When this controller in running owing to detecting the other side and unusually carry out state variation; If need to take over to the square controller service; Then before taking over, carry out a program that presets; This program generally is to trigger electronic switch to restart or stop square controller, thoroughly isolates the controller of square controller to Service Source;
When double-control system is in a takeover, another standby state switches to the state that two controllers all are active to it; Be active, the active state, method is to add the sign of a detection; Be called the extended mode value; Transmit together in company with heartbeat message, as this extended mode value during, then ignore the other side's state variation and do not change this controller state automatically for preset particular value; This extended mode value is set for presetting particular value and changing this node state value during switching, all changes to the active state respectively, cancel the extended mode value at last;
Stop all controllers in the double-control system, method and from takeover, standby switches to active, and active is similar, promptly uses the extended mode value and the inactive state is set, and after corresponding all service stopping, stops COMM, CSM, LSM module;
Single controller in will restarting or stop two controlled storage systems, and this moment, two controllers moved, and method is that the non-controller state that stops to be set to takeover earlier, and the controller state that will restart or stop again is set to inactive; Concrete controlled step is following:
S1. putting the local controller state is inactive, does not start any service groups, and beginning reiving/transmitting state information;
S2 waits for some seconds, and second number is by the maximum decision of system start-up time difference, and purpose is to guarantee can reach equal state at last each other when two controllers start simultaneously;
S3 shows that the other side is also starting if the other side's state is inactive also, and it is active that the local controller state then is set, execution in step S7;
S4 is if the other side's state is active, and it is active that the local controller state then is set, execution in step S7;
S5 shows that the other side has moved all service groups if do not receive the other side's information or the other side's state is takeover, and it is standby that the local controller state then is set, execution in step S7;
S6 is if the other side's state is standby, and it is takeover that the local controller state then is set, execution in step S7;
S7 is according to local controller state adjustment service groups running status and regularly detect local controller state value and service groups ruuning situation.
The invention has the advantages that: be coupled to controller state in the service operation situation, convenient two controlled storage system states are checked and are safeguarded, are particularly suitable for two controlled storage systems of two nodes.
Description of drawings
Fig. 1 is a software module structure;
Fig. 2 controller system starting state monitoring flow chart;
State transition diagram when Fig. 3 has explained the double controller storage system operation.
Embodiment
Detailed explanation below with reference to accompanying drawing method of the present invention being done.
Two controlled storage system structures are that two controllers are connected to same disk groups; The communication media that is necessary between the controller; Generally comprise direct-connected Ethernet card, direct-connected serial ports, same LAN, on two controllers, all move the monitoring program of carrying out the inventive method.
The service that double-control system is provided is divided into two groups, is designated as ServiceGroup0, ServiceGroup1, and generally each service groups comprises iSCSI Target service and FC Target service.The service of each service groups all provides startup, stops to operate with status poll.Take place unusual or because controller failure when causing service to switch to another controller, is to be that unit switches with service place service groups in service.

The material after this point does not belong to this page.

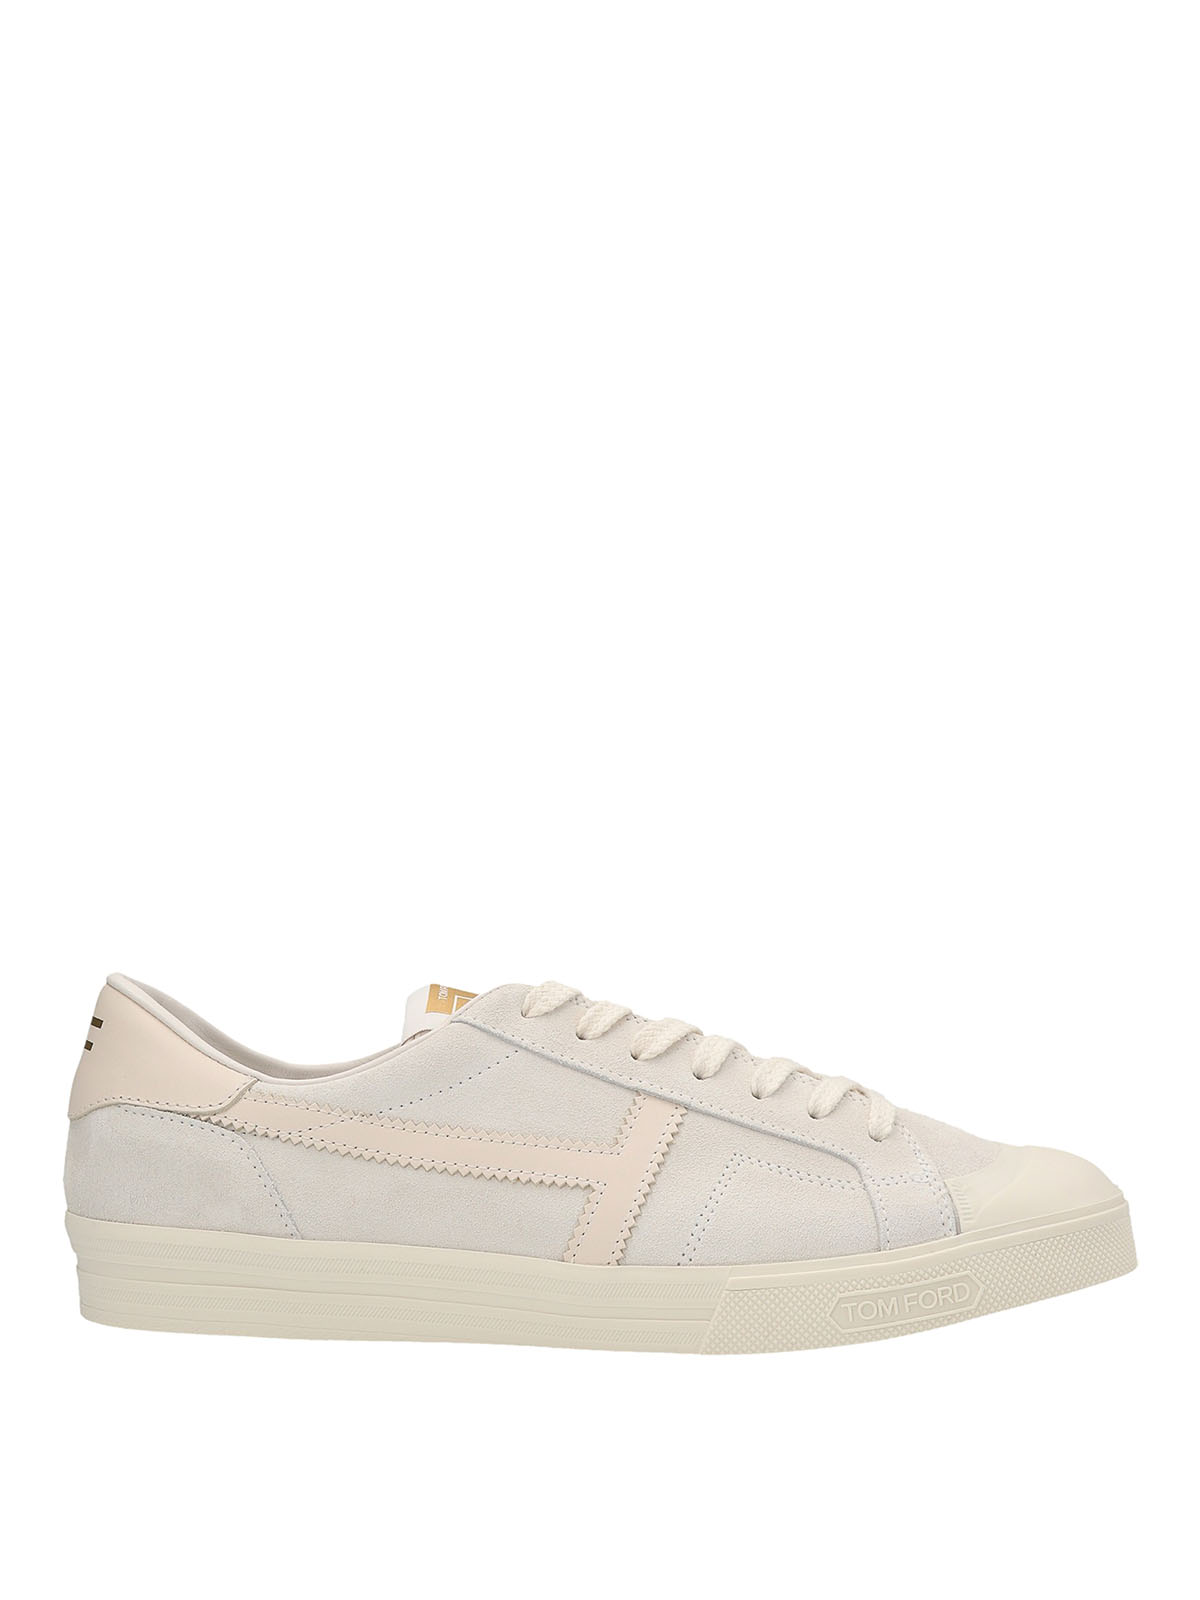 TOM FORD JARVIS SNEAKERS

For distinguishing two controllers, be designated controller 0 and controller 1 respectively, monitoring program note controller system Status Type has inactive; Active, takeover, standby; State value is that inactive representes that controller is in service state is not provided, and is not ready for providing service; State value active, all services that expression should operation service group 0 on controller 0, all services that expression should operation service group 1 on controller 1; A controller state value is takeover, and all services of expression service groups 0 and service groups 1 all move on this controller; A controller state value is standby, and expression does not provide the service of arbitrary service groups, but can switch to the active state by system manager's manual operation, perhaps detects another controller heartbeat timeout and initiatively switches to the takeover state.
Therefore under the normal condition, the state of two controller operations be (active, active), (takeover, standby), (standby, takeover).

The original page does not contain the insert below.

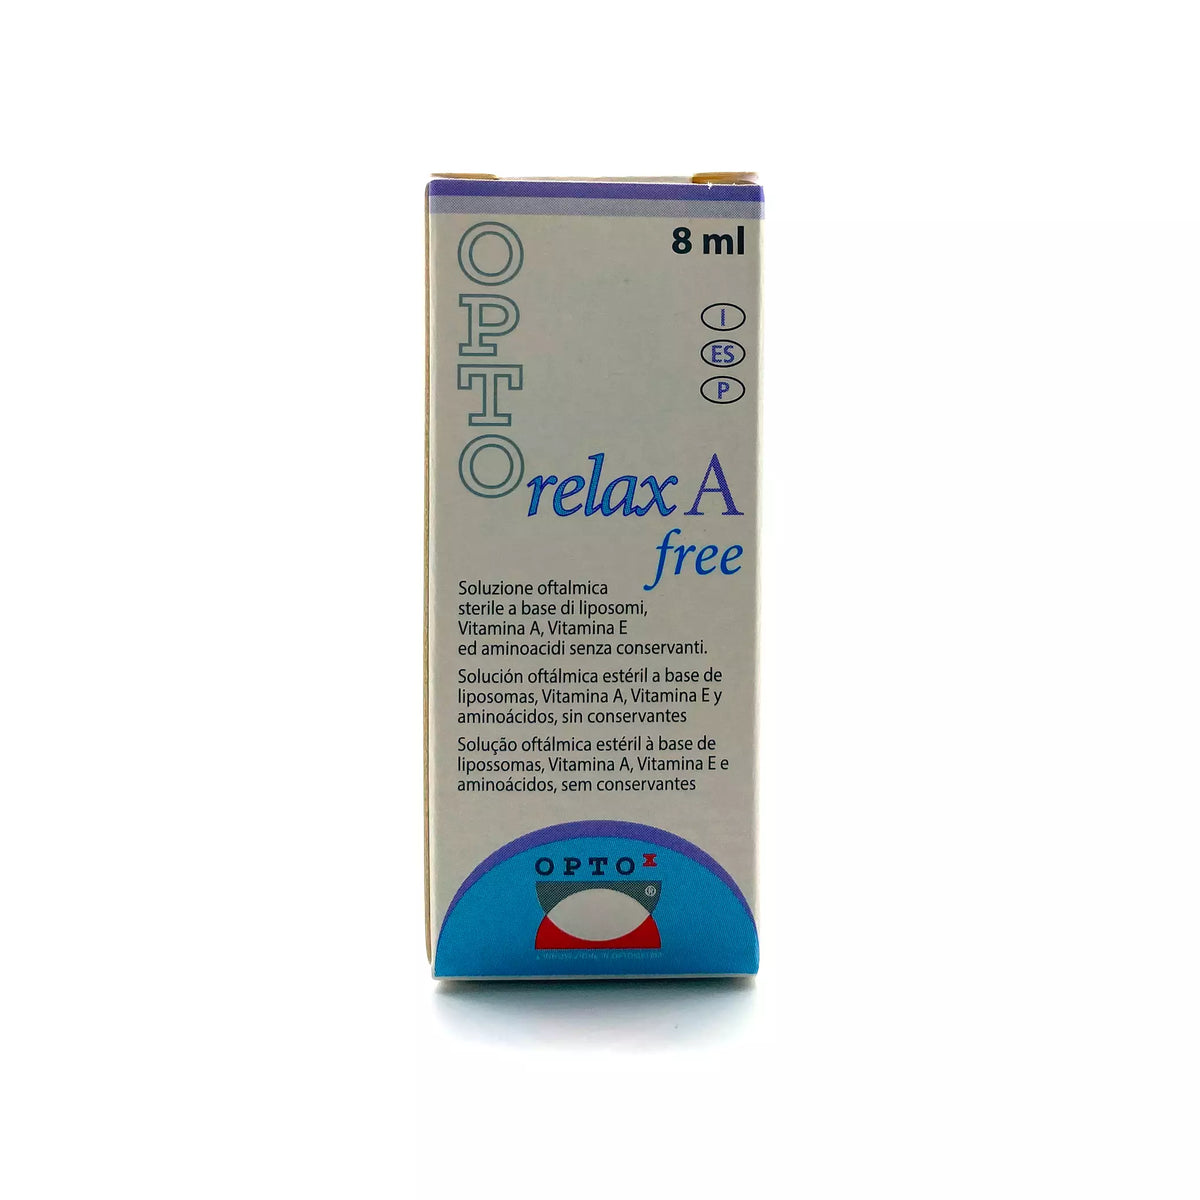 OPTOrelax A free - Artificial tears

Therefore; Behind definite local controller state, whether the LSM module regularly inquires about this controller state and detects local service group running status consistent, if inconsistently then carry out the consistency adjustment; Adjustment is operating as attempts carrying out starting or stoping of maximum N unusual services; N is the numerical value that presets, and more than or equal to 0, the adjustment operation may be failed.The CSM module is obtained the service groups running status from LSM, and receives and timed sending node transmission information through the circulation of COMM module.The node transport packet is drawn together controller state and each service operation state of service groups (moving/stop); The CSM module obtains the nodal information of the other side's transmission then with the time interocclusal record that receives at every turn; If it is unusual to the square controller service operation; Perhaps surpass Preset Time and do not receive the other side's nodal information, then taking over the other side's service groups (if existence) and changing this controller state is takeover.
When this controller in running owing to detecting the other side and unusually carry out state variation; If need to take over to the square controller service; Then before taking over, carry out a program that presets; This program generally is to trigger electronic switch to restart or stop square controller, thoroughly isolates the controller of square controller to Service Source.
When double-control system is in a takeover, another standby state can switch to all (active of active of two controllers to it; Active) state; Method is to add the sign of a detection, is called the extended mode value, transmits together in company with heartbeat message; As this extended mode value during, then ignore the other side's state variation and do not change this controller state automatically for preset particular value.This extended mode value is set for presetting particular value and changing this node state value during switching, all changes to the active state respectively, cancel the extended mode value at last.
When will stopping all controllers in the double-control system, method and from (takeover standby) switches to (active; Active) similar, promptly use the extended mode value and the inactive state is set, after corresponding all service stopping, stop COMM; CSM, modules such as LSM.
Single controller in will restarting or stop two controlled storage systems, and this moment, two controllers moved, and method is that the non-controller state that stops to be set to takeover earlier, and the controller state that will restart or stop again is set to inactive.
The service operation situation that this controller of each controller user mode value representation is whole, and be the operation of serving on the target drives adjustment controller with the state value and stop.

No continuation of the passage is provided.